Blocks can appear in Ruby source code only immediately after the invocation of some method. If the method takes parameters, the block appears after these parameters. In a way, you can almost think of the block as being one extra parameter, passed to that method. Let’s look at a simple example that sums the squares of the numbers in an array:

sum = 0

[1, 2, 3, 4].each do |value|

square = value * value

sum += square

end

puts sum

Produces:

30

The block is being called by the each method once for each element in the array. The element is passed to the block as the value parameter. But there’s something subtle going on, too. Take a look at the sum variable. It’s declared outside the block, updated inside the block, and then passed to puts after the each method returns.

This illustrates an important rule: if there’s a variable inside a block with the same name as a variable in the same scope outside the block, the two are the same—there’s only one variable sum in the preceding program. (You can override this behavior, as we’ll see later.)

If, however, a variable appears only inside a block, then that variable is local to the block—in the preceding program, we couldn’t have written the value of square at the end of the code, because square is not defined at that point. It is defined only inside the block itself.
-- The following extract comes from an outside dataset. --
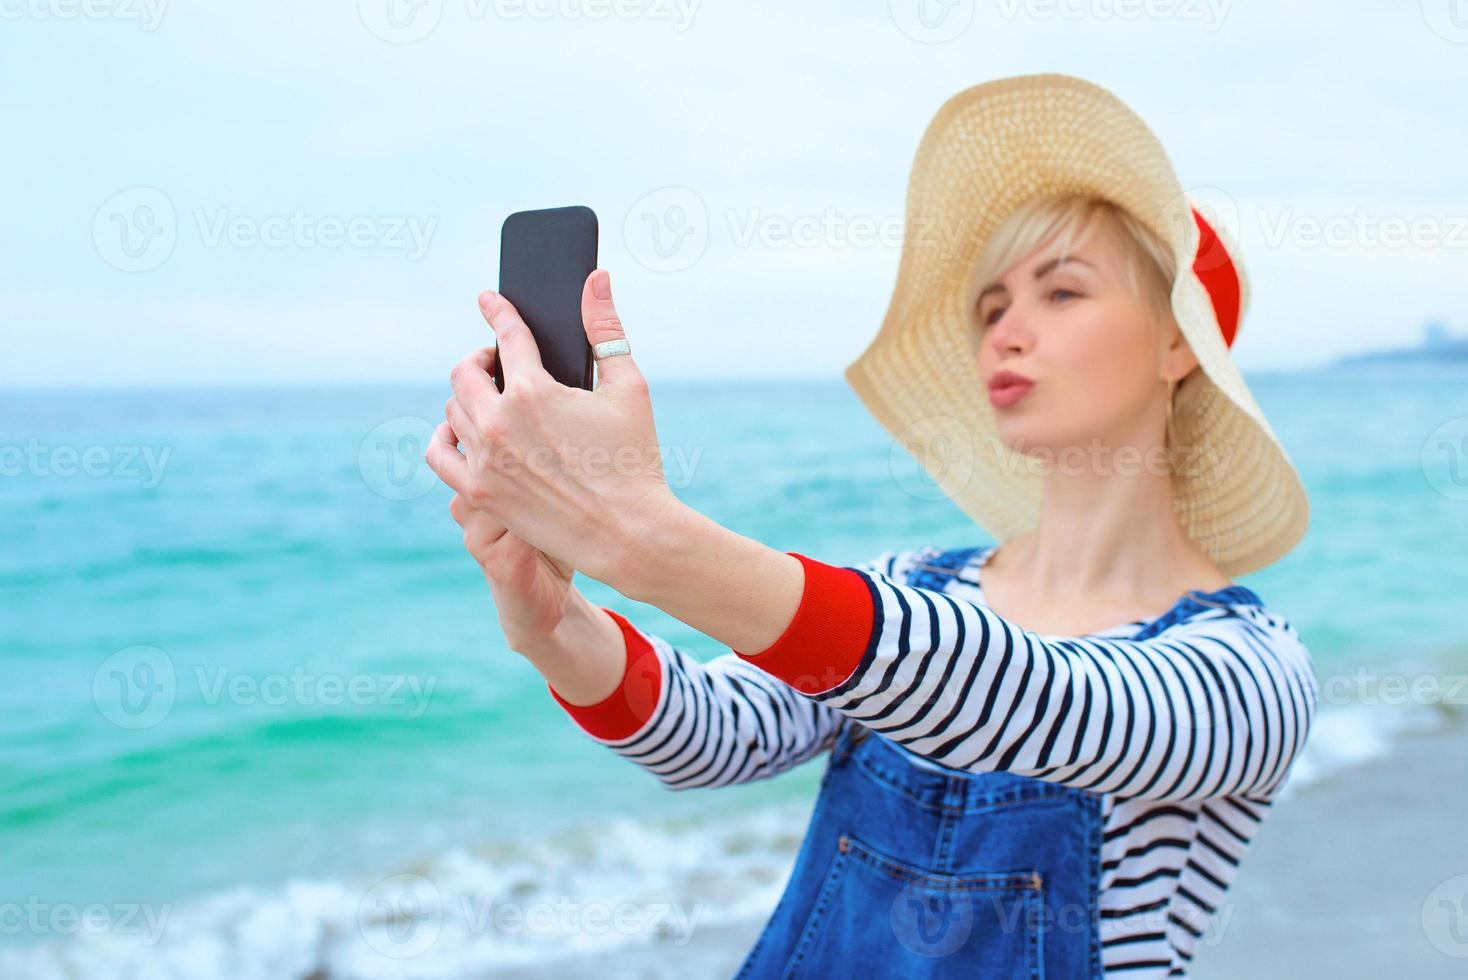 schöne junge blonde kaukasische frau im urlaub in strohhut, gestreifter bluse und jeansoveralls, die selfie auf dem smartphone vor dem erstaunlichen blauen meereshintergrund machen foto

Although simple, this behavior can lead to unexpected problems. For example, say our program was dealing with drawing different shapes. We might have this:

square = Shape.new(sides: 4) # assume Shape defined elsewhere

# .. lots of code

sum = 0

[1, 2, 3, 4].each do |value|

square = value * value

sum += square

end

puts sum

square.draw # BOOM!

This code would fail, because the variable square, which originally held a Shape object, will have been overwritten inside the block and will hold a number by the time the each method returns. This problem doesn’t bite often, but when it does, it can be very confusing.

Fortunately, Ruby has a couple of answers.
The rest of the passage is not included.